Aim of the task: Exact transcription, pictures omitted: reproduce the listing below.

Stored data:
[Start of section]

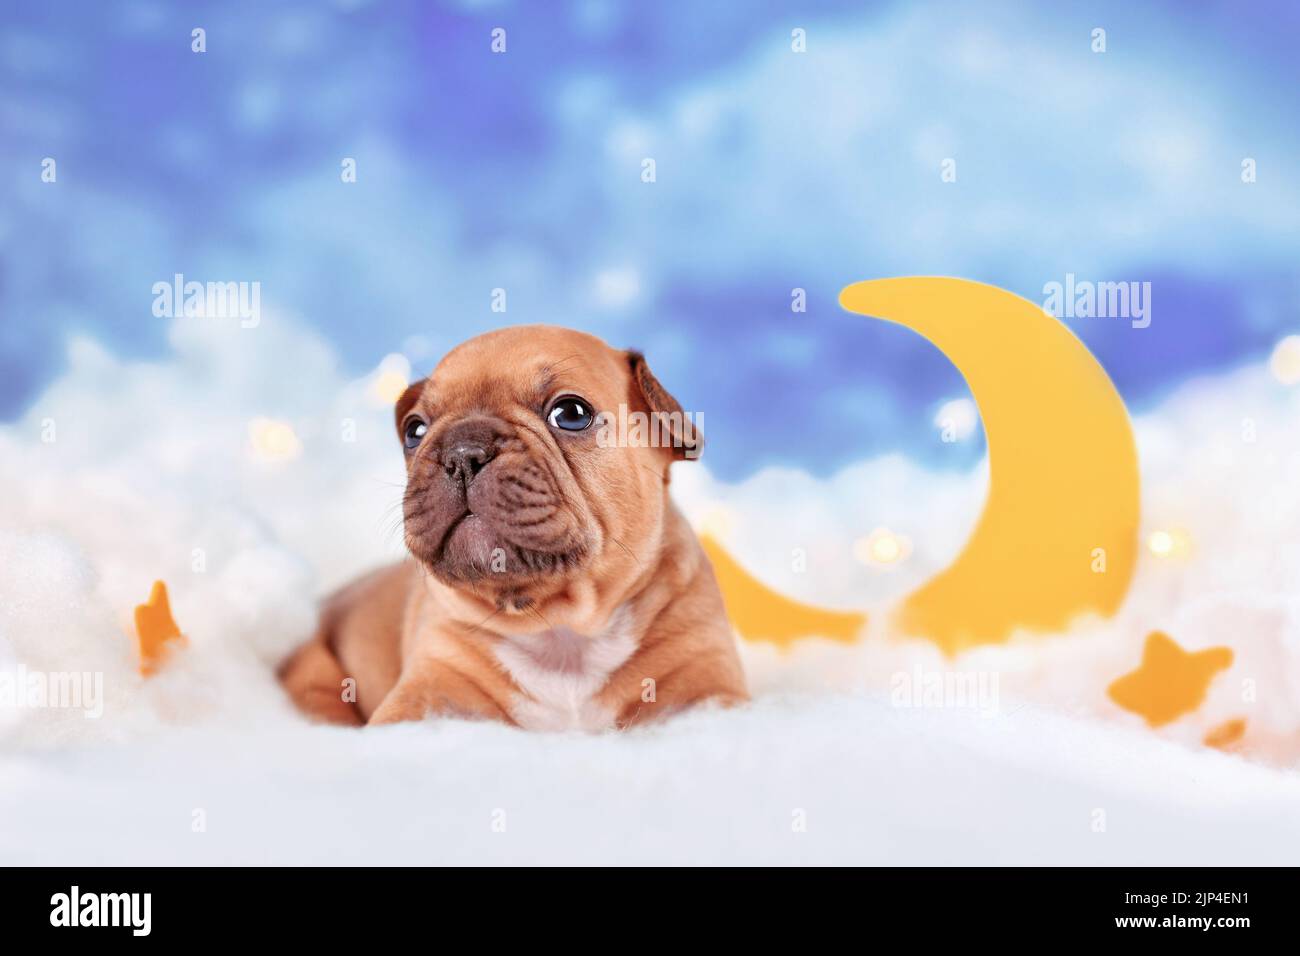 Red fawn French Bulldog dog puppy between fluffy clouds with moon and stars Stock Photo
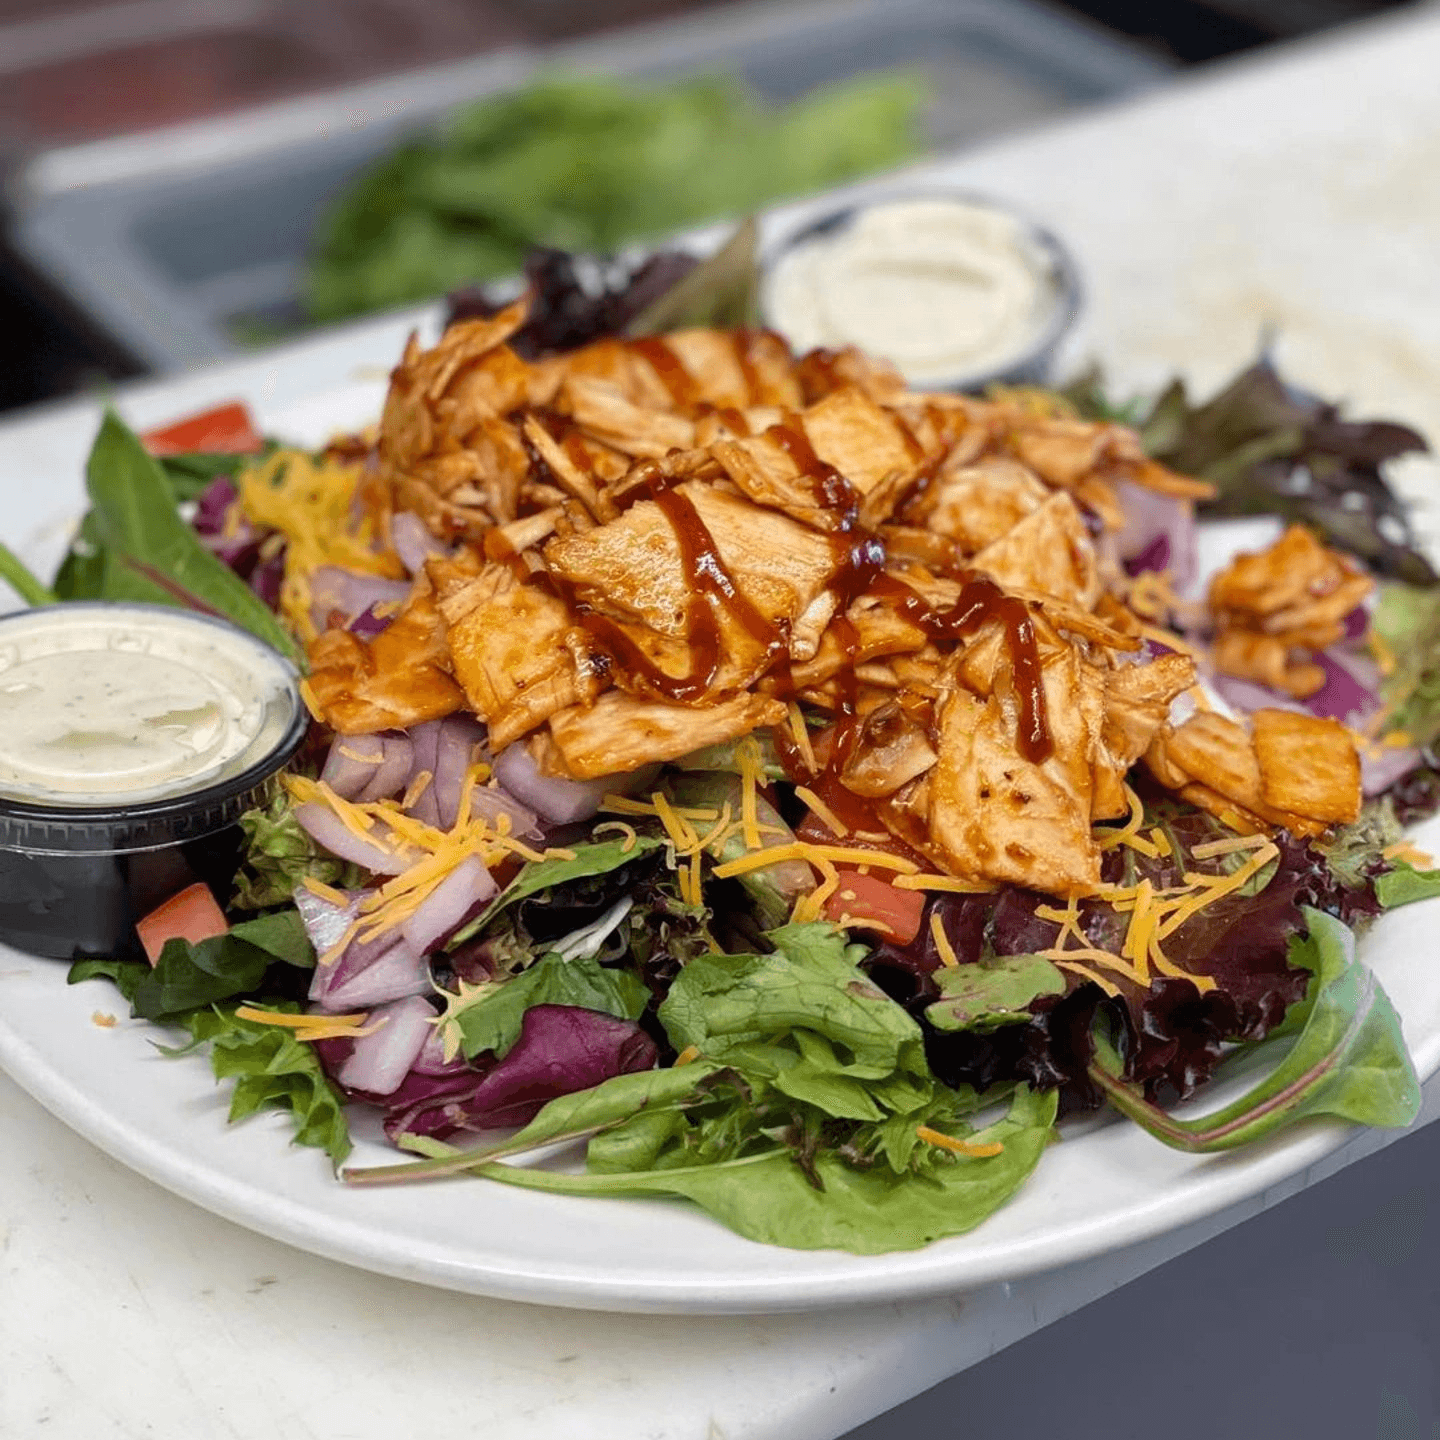 Our Mouthwatering BBQ Chicken Salad! 🥗🔥
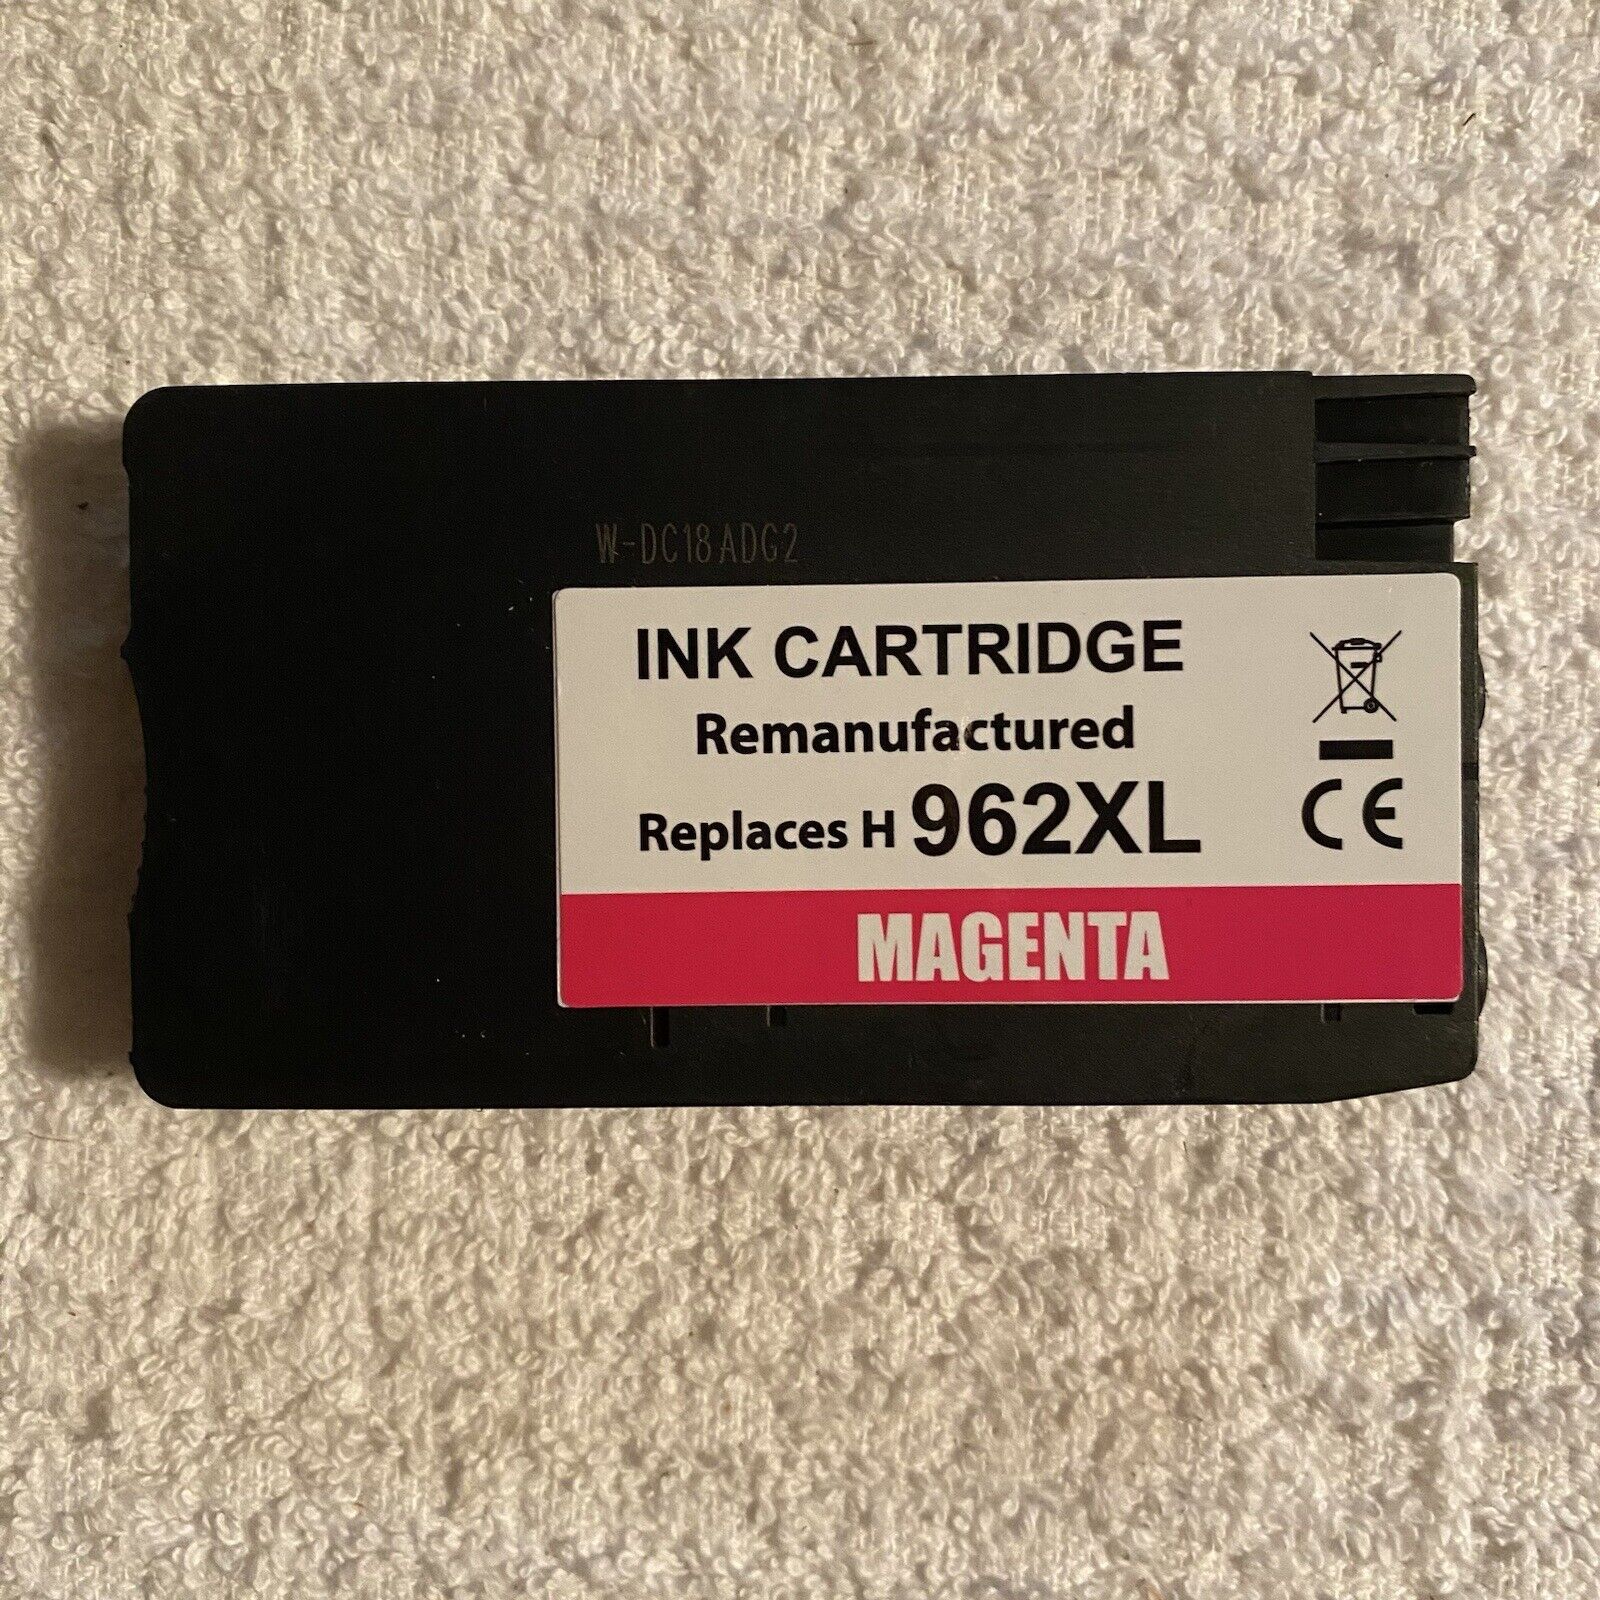 Reman 962 XL Magenta Ink Cartridge for HP Officejet Pro 9010 9012 All-in-One

[End of section]

Response:
 Red fawn French Bulldog dog puppy between fluffy clouds with moon and stars Stock Photo
 Our Mouthwatering BBQ Chicken Salad! 🥗🔥
 Reman 962 XL Magenta Ink Cartridge for HP Officejet Pro 9010 9012 All-in-One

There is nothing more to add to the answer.